Recall the statistical set-up above. Recall that X_1, \ldots , X_ n \stackrel{iid}{\sim } \mathbf{P} are iid from an unknown distribution \mathbf{P}. For all 1 \leq i \leq n, Y_ i is a discrete random variable supported on \{ 1, \ldots , 5\} that denotes which bin contains the realization of X_ i.

Let \mathbf{P}_{\mu , \sigma ^2} = \mathcal{N}(\mu , \sigma ^2) and let (\widehat{\mu }, \widehat{\sigma }^2) denote the MLE for the statistical model (\mathbb {R}, \{ P_{\mu , \sigma ^2} \} _{\mu \in \mathbb {R}, \sigma ^2\in (0,\infty )}), i.e. Gaussian with unknown mean and unknown variance. For 1 \leq j \leq 5, let N_ j denote the frequency of j (i.e. number of times that j appears) in the data set Y_1, \ldots , Y_ n.

Define the \chi ^2 test statistic

T_ n = n \sum _{j = 1}^5 \frac{\left(\frac{N_ j}{n} - P_{\widehat{\mu }, \widehat{\sigma }^2}(Z \in A_ j)\right)^2}{P_{\widehat{\mu }, \widehat{\sigma }^2}(Z \in A_ j)}.

where Z \sim \mathcal{N}( \widehat{\mu }, \widehat{\sigma }^2 ). Then it holds that

T_ n \xrightarrow [n \to \infty ]{(d)} \chi ^2_\ell

for some constant \ell > 0.

What is \ell?

Hint: Use the result on the very last page of Lecture 15.

l=\quad

l=4

In order to find the value of \(\ell\), we need to refer to the result stated on the very last page of Lecture 15.

According to the result, if the random variables \(X_1, \ldots, X_n\) are independent and identically distributed (iid) from the unknown distribution \(\mathbf{P}\), and if \(\hat{\theta}\) is the maximum likelihood estimator (MLE) for a parameter \(\theta\) of the statistical model, then the test statistic

\[T_n = n\sum_{i=1}^n \frac{(X_i - \hat{\theta})^2}{\text{Var}(\hat{\theta})}\]

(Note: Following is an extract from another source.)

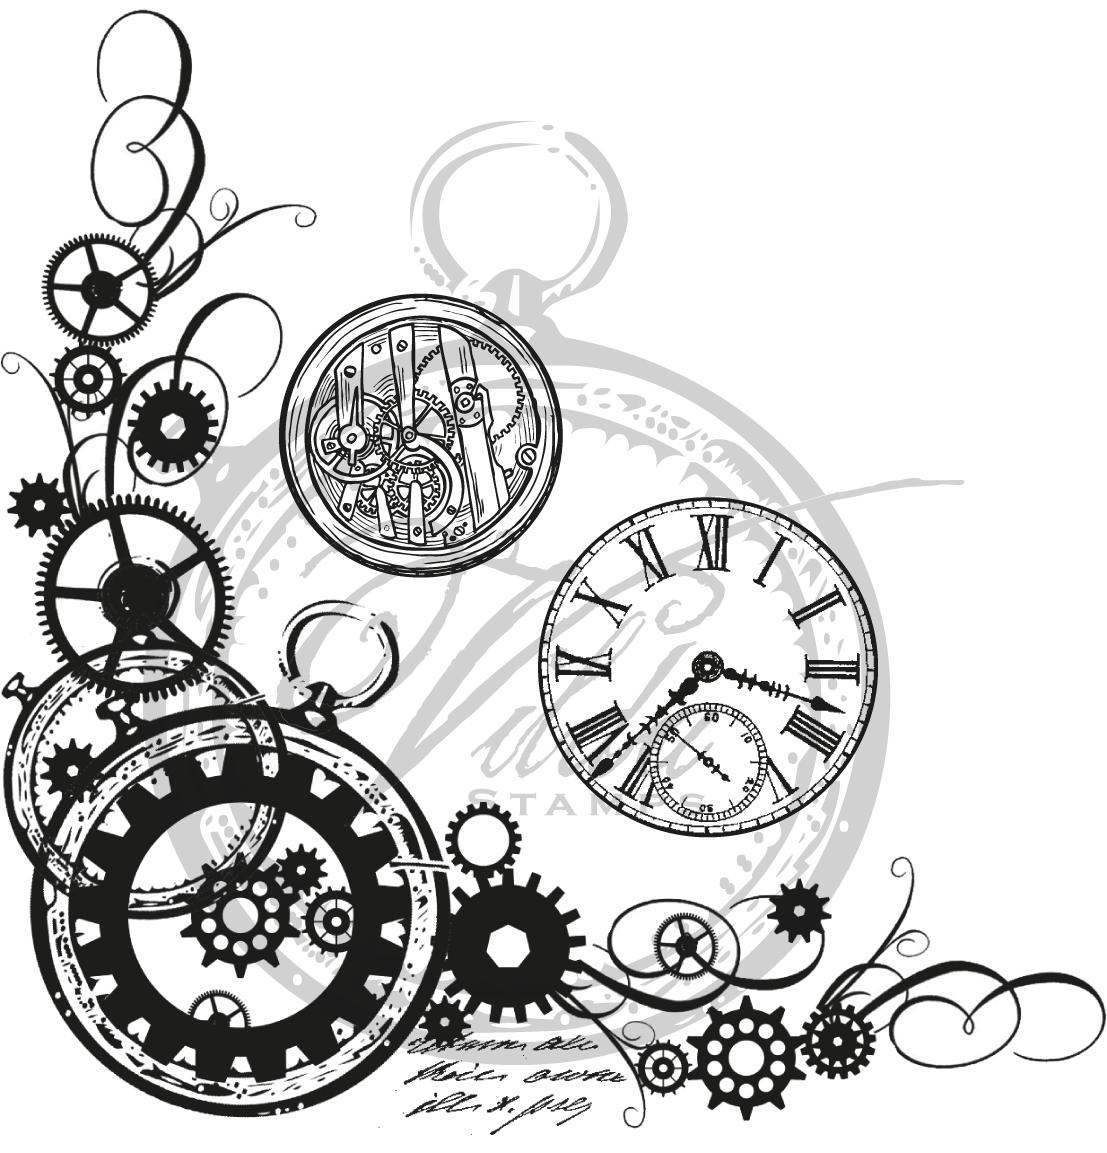 Clockwork Gears Drawing go Back Image

converges in distribution to the chi-square distribution with \(\ell\) degrees of freedom, where \(\text{Var}(\hat{\theta})\) denotes the asymptotic variance of \(\hat{\theta}\).

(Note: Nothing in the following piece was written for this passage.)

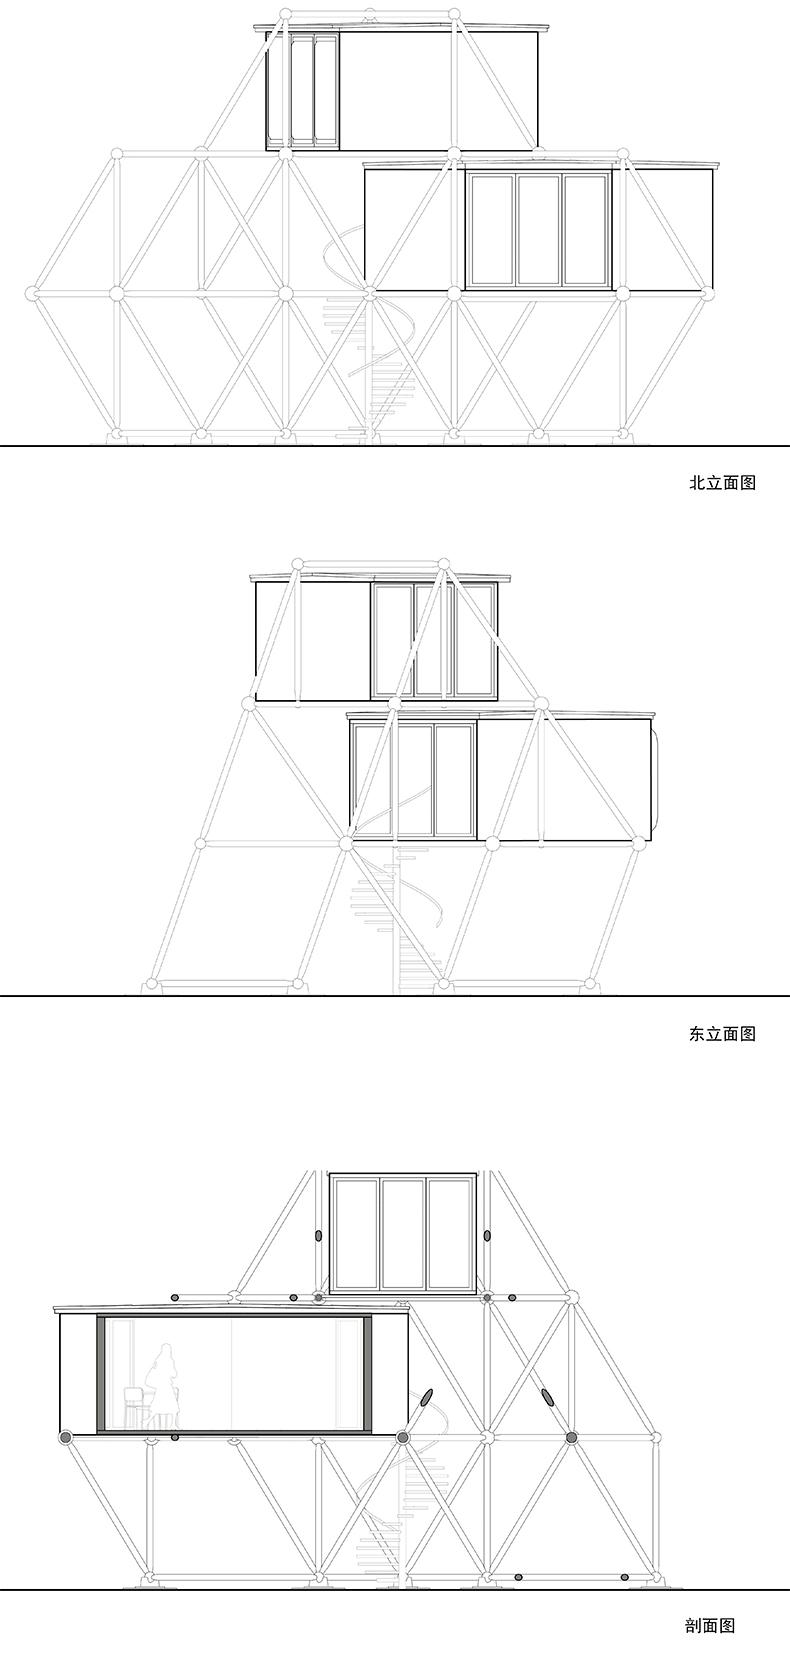 Plugin Tower 13

In the given setup, the MLE for the statistical model \((\mathbb{R}, \{P_{\mu, \sigma^2}}\}_{\mu \in \mathbb{R}, \sigma^2 \in (0,\infty)})\) is denoted as \((\widehat{\mu}, \widehat{\sigma}^2)\). We are interested in finding the value of \(\ell\) for the test statistic

\[T_n = n\sum_{j=1}^5 \frac{\left(\frac{N_j}{n} - P_{\widehat{\mu}, \widehat{\sigma}^2}(Z \in A_j)\right)^2}{P_{\widehat{\mu}, \widehat{\sigma}^2}(Z \in A_j)}\]

where \(Z \sim \mathcal{N}(\widehat{\mu}, \widehat{\sigma}^2)\), and \(N_j\) denotes the frequency of \(j\) in the dataset \(Y_1, \ldots, Y_n\).

By comparing the given test statistic to the general form mentioned above, we can see that

\[\hat{\theta} = \frac{N_j}{n}\]
\[\text{Var}(\hat{\theta}) = P_{\widehat{\mu}, \widehat{\sigma}^2}(Z \in A_j)\]

Hence, we have

\[\ell = \text{Var}(\hat{\theta}) = P_{\widehat{\mu}, \widehat{\sigma}^2}(Z \in A_j)\]

Therefore, the value of \(\ell\) is given by the probability \(P_{\widehat{\mu}, \widehat{\sigma}^2}(Z \in A_j)\).